بِسْمِ اللّٰهِ الرَّحْمٰنِ الرَّح۪يمِ

الٓمٓ ﴿١

Elif, lâm, mim.

— Seyyid Kutub

غُلِبَتِ ٱلرُّومُ ﴿٢

Rumlar yenildi.

— Seyyid Kutub

فِىٓ أَدْنَى ٱلْأَرْضِ وَهُم مِّنۢ بَعْدِ غَلَبِهِمْ سَيَغْلِبُونَ ﴿٣

En yakın bir yerde. Onlar bu yenilgilerinden sonra yeneceklerdir.

— Seyyid Kutub

فِى بِضْعِ سِنِينَۗ لِلَّهِ ٱلْأَمْرُ مِن قَبْلُ وَمِنۢ بَعْدُۚ وَيَوْمَئِذٍ يَفْرَحُ ٱلْمُؤْمِنُونَ ﴿٤

Birkaç yıl içinde, eninde sonunda emir Allah'ındır. O gün mü'minler sevinir.

— Seyyid Kutub

بِنَصْرِ ٱللَّهِۚ يَنصُرُ مَن يَشَآءُۖ وَهُوَ ٱلْعَزِيزُ ٱلرَّحِيمُ ﴿٥

Allah dilediğine yardım eder. O güçlüdür (galibdir) esirgeyendir.

— Seyyid Kutub

وَعْدَ ٱللَّهِۖ لَا يُخْلِفُ ٱللَّهُ وَعْدَهُۥ وَلَٰكِنَّ أَكْثَرَ ٱلنَّاسِ لَا يَعْلَمُونَ ﴿٦

Bu, Allah'ın vaadidir. Allah verdiği sözden caymaz: fakat insanların çoğu bunu bilmezler.

— Seyyid Kutub

يَعْلَمُونَ ظَٰهِرًا مِّنَ ٱلْحَيَوٰةِ ٱلدُّنْيَا وَهُمْ عَنِ ٱلْءَاخِرَةِ هُمْ غَٰفِلُونَ ﴿٧

Onlar dünya hayatının görülen kısmını bilirler.
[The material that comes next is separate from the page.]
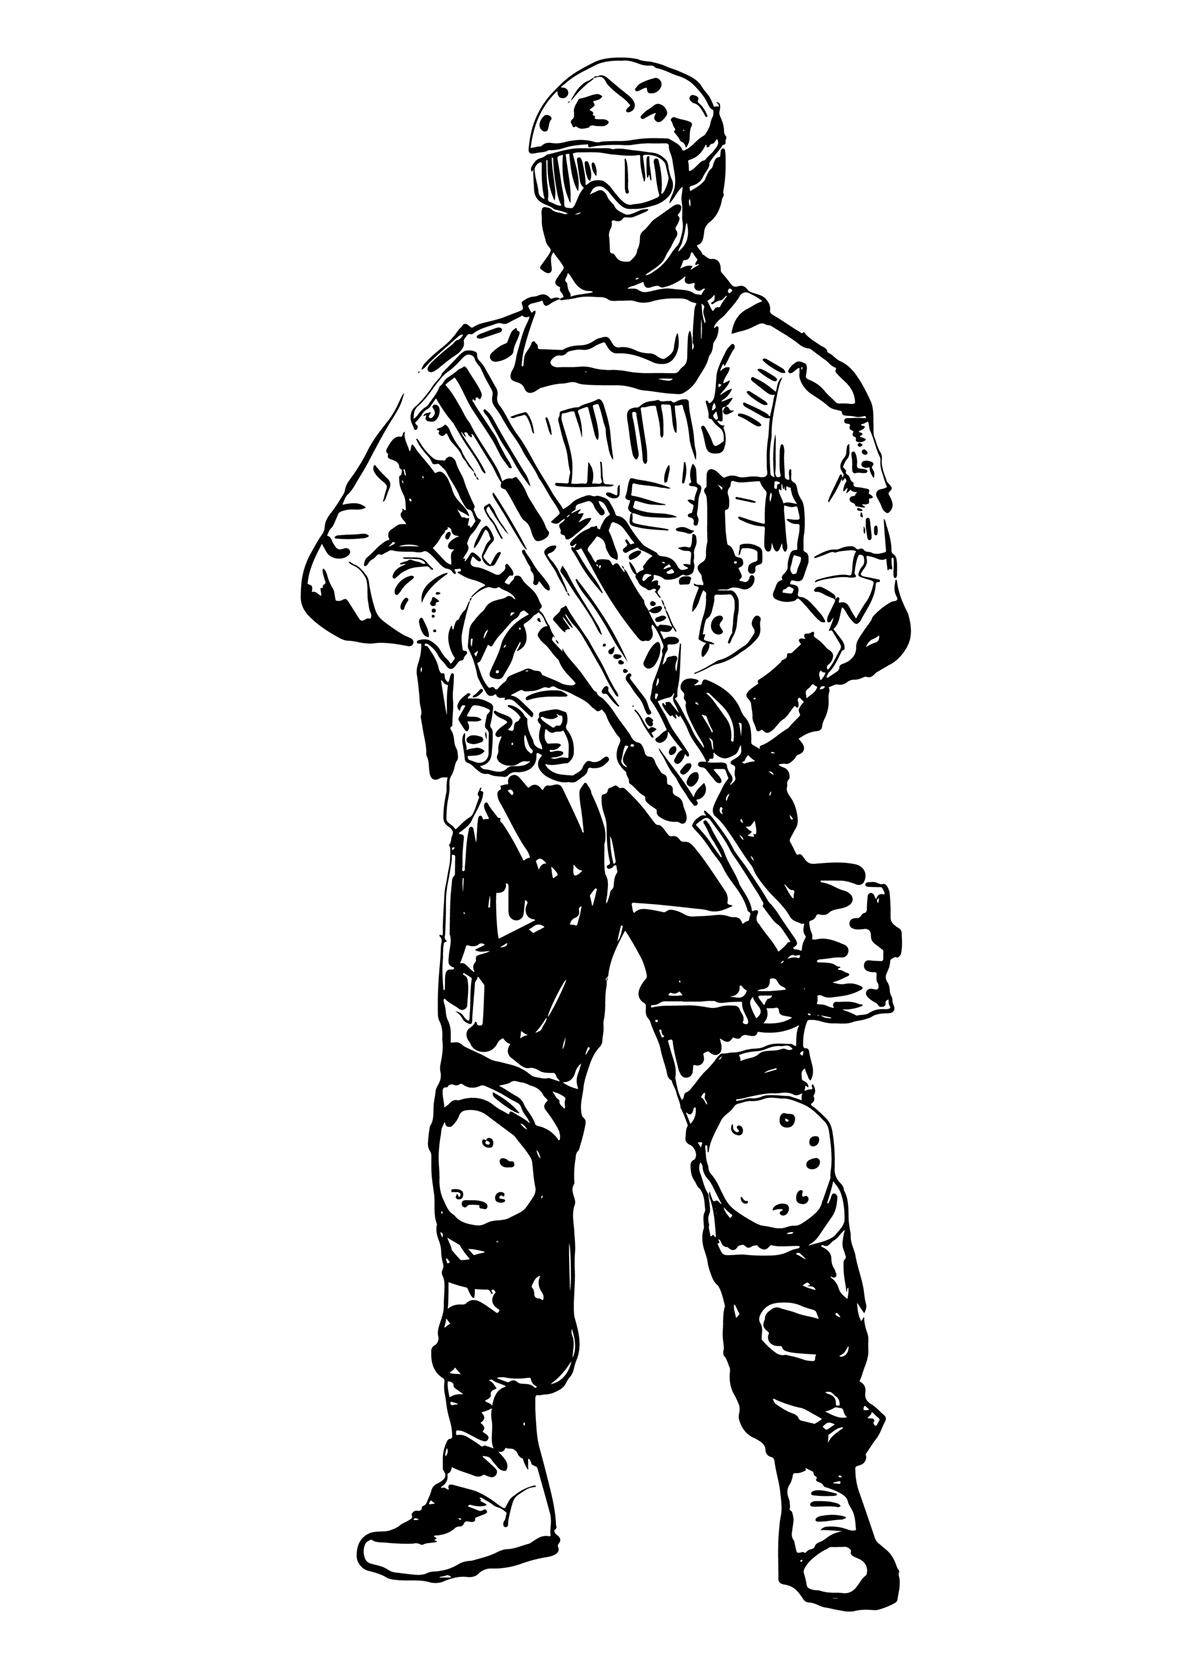 ink sketchy sketch design black

Ahiretten ise habersizdirler.

— Seyyid Kutub

أَوَلَمْ يَتَفَكَّرُواْ فِىٓ أَنفُسِهِمۗ مَّا خَلَقَ ٱللَّهُ ٱلسَّمَٰوَٰتِ وَٱلْأَرْضَ وَمَا بَيْنَهُمَآ إِلَّا بِٱلْحَقِّ وَأَجَلٍ مُّسَمًّىۗ وَإِنَّ كَثِيرًا مِّنَ ٱلنَّاسِ بِلِقَآئِ رَبِّهِمْ لَكَٰفِرُونَ ﴿٨

Kendi kendilerine hiç düşünmediler mi ki, Allah göklerde, yerde ve bu ikisi arasında bulunan her şeyi ancak hak ile, belirlenmiş bir süre ile yaratmıştır. İnsanların çoğu, Rabb'lerine kavuşmayı inkâr ederler.

— Seyyid Kutub

أَوَلَمْ يَسِيرُواْ فِى ٱلْأَرْضِ فَيَنظُرُواْ كَيْفَ كَانَ عَٰقِبَةُ ٱلَّذِينَ مِن قَبْلِهِمْۚ كَانُوٓاْ أَشَدَّ مِنْهُمْ قُوَّةً وَأَثَارُواْ ٱلْأَرْضَ وَعَمَرُوهَآ أَكْثَرَ مِمَّا عَمَرُوهَا وَجَآءَتْهُمْ رُسُلُهُم بِٱلْبَيِّنَٰتِۖ فَمَا كَانَ ٱللَّهُ لِيَظْلِمَهُمْ وَلَٰكِن كَانُوٓاْ أَنفُسَهُمْ يَظْلِمُونَ ﴿٩

Yeryüzünde gezip, kendilerinden önceki insanların sonlarının nasıl olduğuna bakmazlar mı? Onlar kendilerinden daha güçlü idiler. Yeryüzünü kazıp altüst etmişler ve onu, bunların imar ettiklerinden daha çok imar etmişlerdir. Onlara da elçileri, delillerle gelmişti. Böylece Allah onlara zulmetmiyor, onlar kendilerine zulmediyorlardı.

— Seyyid Kutub

ثُمَّ كَانَ عَٰقِبَةَ ٱلَّذِينَ أَسَٰٓـُٔواْ ٱلسُّوٓأَىٰٓ أَن كَذَّبُواْ بِـَٔايَٰتِ ٱللَّهِ وَكَانُواْ بِهَا يَسْتَهْزِءُونَ ﴿١٠

Sonra kötülük edenlerin sonu çok kötü oldu. Çünkü Allah'ın ayetlerini yalanladılar. Ve onlarla alay ediyorlardı.

— Seyyid Kutub

ٱللَّهُ يَبْدَؤُاْ ٱلْخَلْقَ ثُمَّ يُعِيدُهُۥ ثُمَّ إِلَيْهِ تُرْجَعُونَ ﴿١١

Allah önce yaratır, ölümünden sonra tekrar diriltir. Sonunda O'na döneceksiniz.